All of lore.kernel.org
 help / color / mirror / Atom feed
From: Junio C Hamano <gitster@pobox.com>
To: "Ivan Frade via GitGitGadget" <gitgitgadget@gmail.com>
Cc: git@vger.kernel.org, "Ævar Arnfjörð Bjarmason" <avarab@gmail.com>,
	"Ivan Frade" <ifrade@google.com>
Subject: Re: [PATCH v2] fetch-pack: redact packfile urls in traces
Date: Mon, 11 Oct 2021 13:39:34 -0700	[thread overview]
Message-ID: <xmqqczobb8jd.fsf@gitster.g> (raw)
In-Reply-To: <pull.1052.v2.git.1633746024175.gitgitgadget@gmail.com> (Ivan Frade via GitGitGadget's message of "Sat, 09 Oct 2021 02:20:24 +0000")

"Ivan Frade via GitGitGadget" <gitgitgadget@gmail.com> writes:

> From: Ivan Frade <ifrade@google.com>
>
> In some setups, packfile uris act as bearer token. It is not
> recommended to expose them plainly in logs, although in special
> circunstances (e.g. debug) it makes sense to write them.
>
> Redact the packfile-uri lines by default, unless the GIT_TRACE_REDACT
> variable is set to false.
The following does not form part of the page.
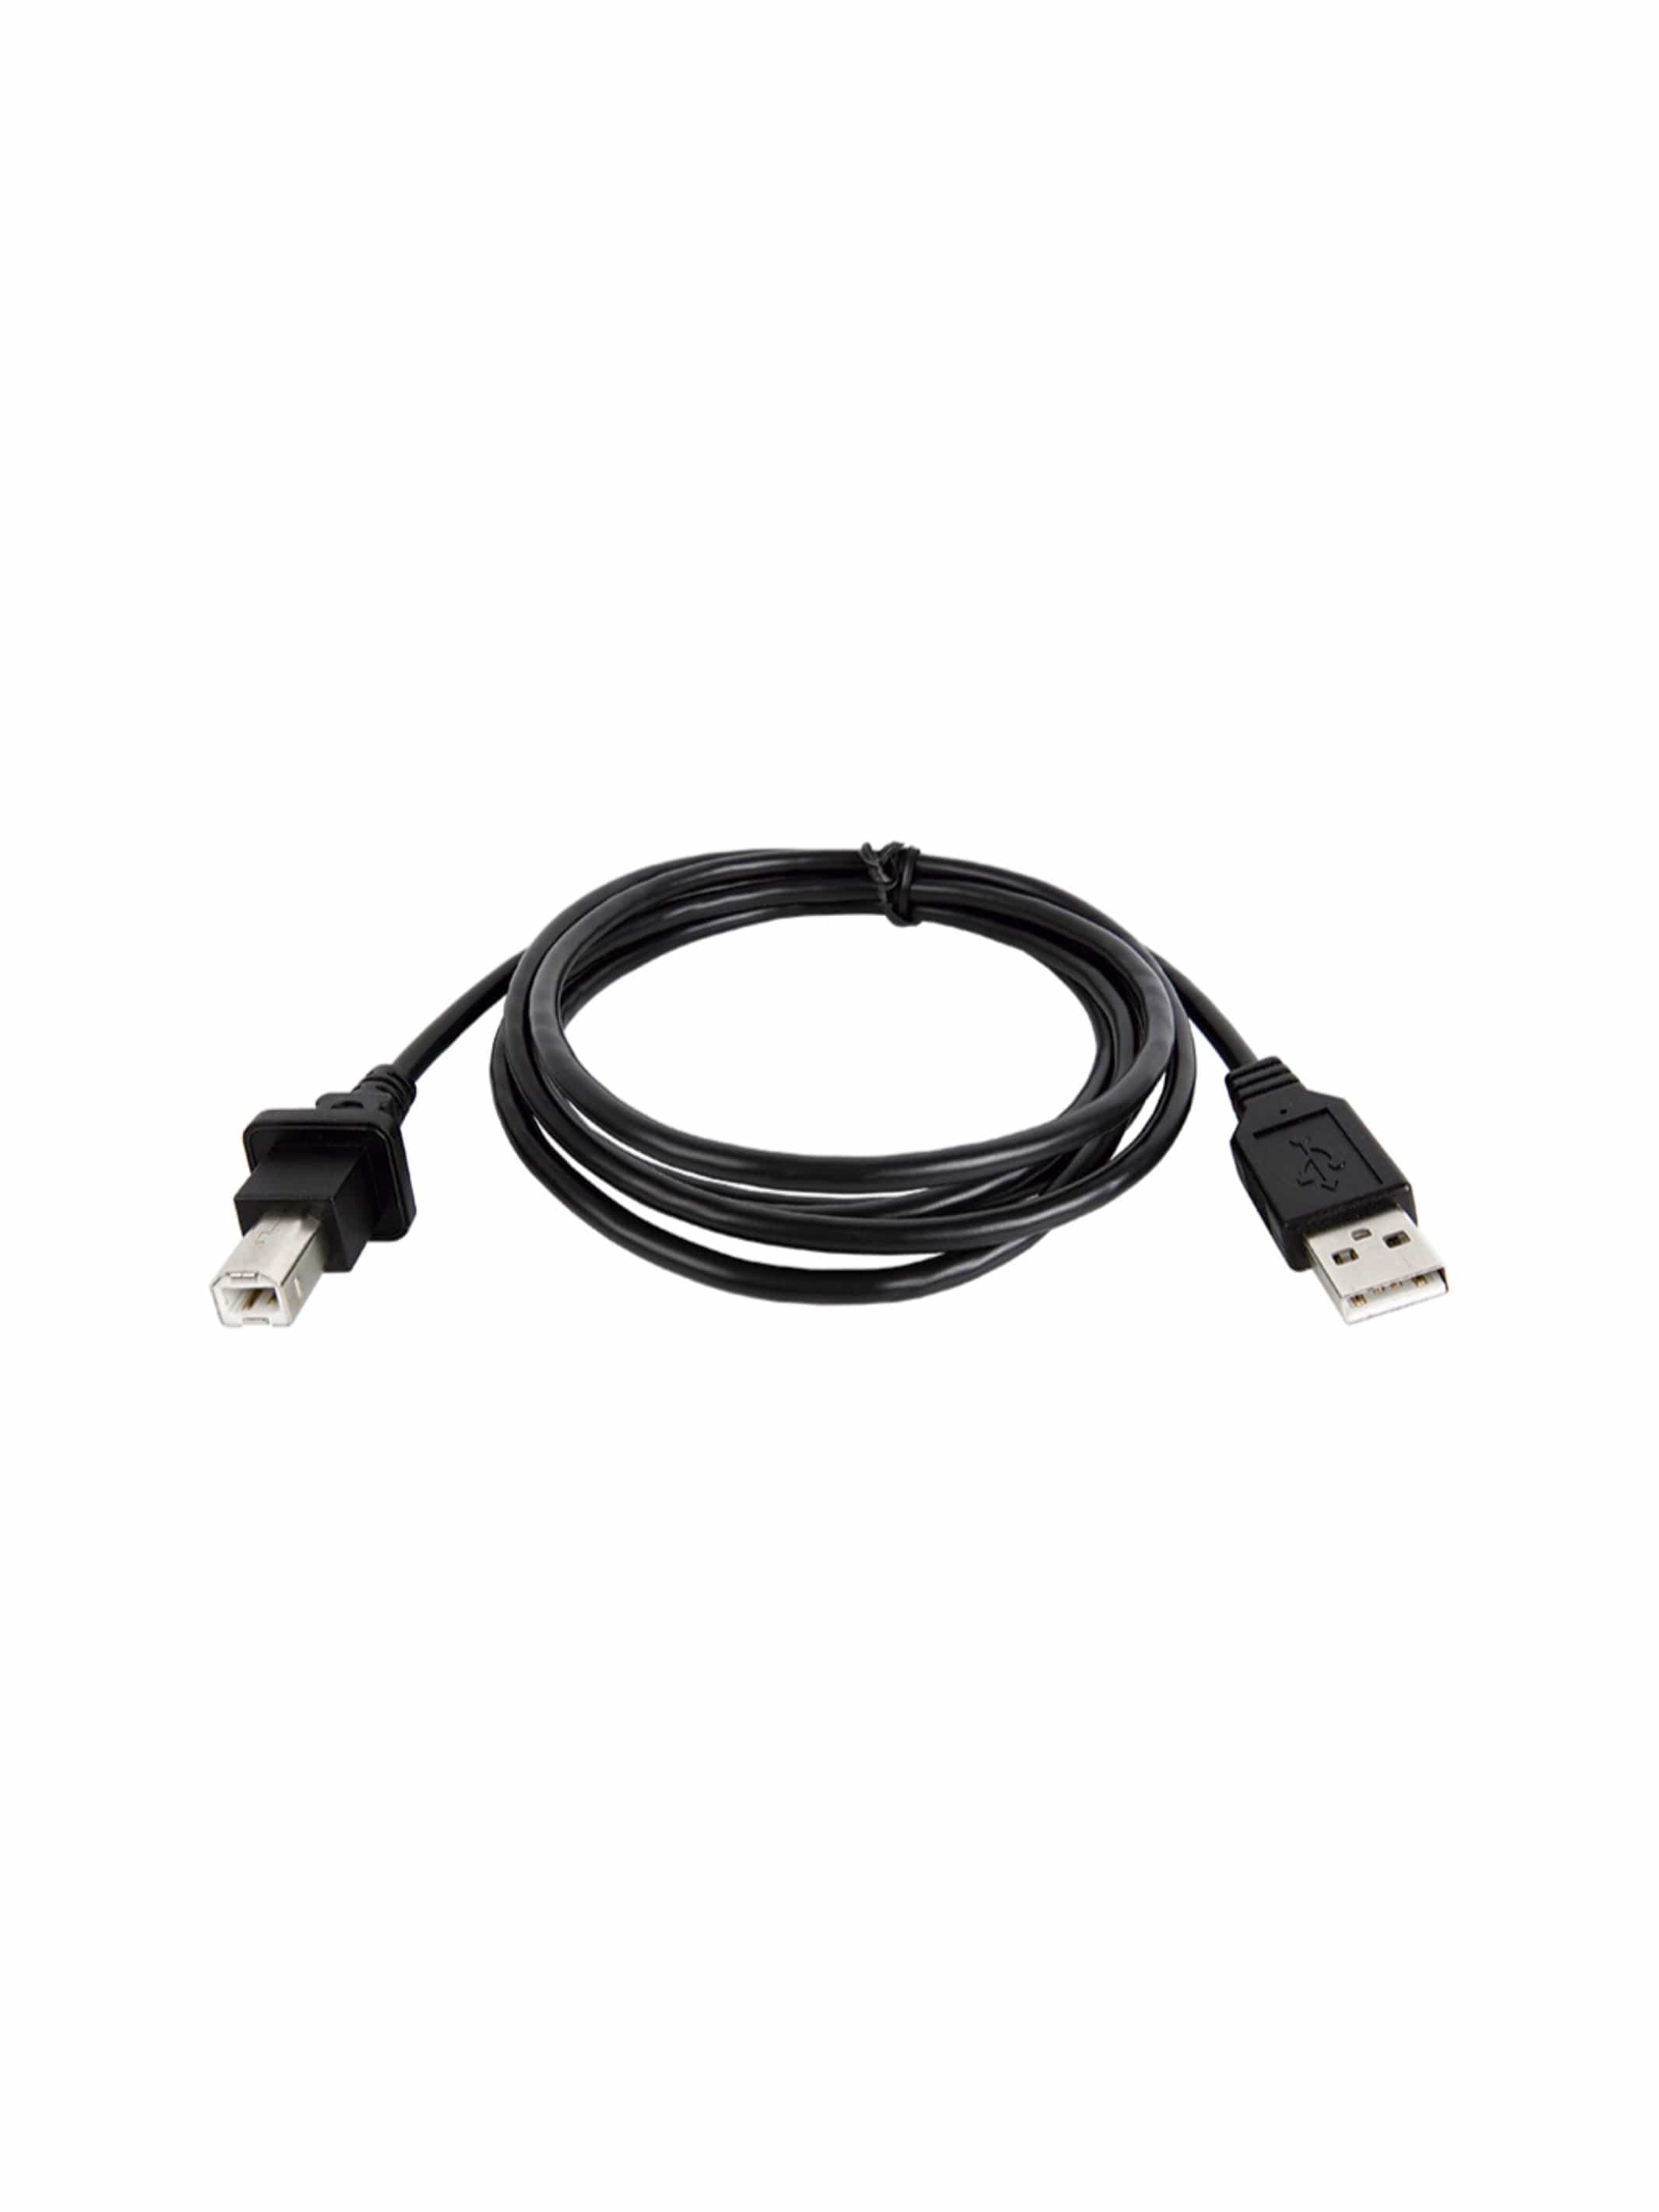 JDC107.9 Cojali Jaltest USB Cable - Bundle - Jaltest Commercial Vehicle, On Highway & Construction, MH, Power Systems Diagnostic Kit

This mimics the redacting of the
> Authorization header in HTTP.

Well explained.

It of course is a different matter if the explained idea is
agreeable, though ;-).  Hiding the entire packet, based on the "it
might be in some setups" seems a bit too much.

Is it often the case that the whole URI is sensitive, or perhaps
leading "<scheme>://<host>/pack-<abc>.pack" part is not sensitive at
all, and what follows after that "public" part has some "nonce"
material that makes it sensitive?

> Changes since v1:
> - Removed non-POSIX flags in tests
> - More accurate regex for the non-encrypted packfile line
> - Dropped documentation change
> - Dropped redacting the die message in http-fetch

These are not for those who read "git log" in 3 months, as they may
not even have seen the "v1".  But these are very helpful for those
who read the "v1" to see how good this round is.  Please write such
material below the three-dash line.

> Signed-off-by: Ivan Frade <ifrade@google.com>
> ---

i.e. here.

>     fetch-pack: redact packfile urls in traces
>     
>     In some setups, packfile uris act as bearer token. It is not recommended
>     to expose them plainly in logs, although in special circunstances (e.g.
>     debug) it makes sense to write them.
>     
>     Redact the packfile-uri lines by default, unless the GIT_TRACE_REDACT
>     variable is set to false. This mimics the redacting of the Authorization
>     header in HTTP.
>     
>     Signed-off-by: Ivan Frade ifrade@google.com
>     
>     cc: Ævar Arnfjörð Bjarmason avarab@gmail.com

And there is no need to duplicate the log message here ;-)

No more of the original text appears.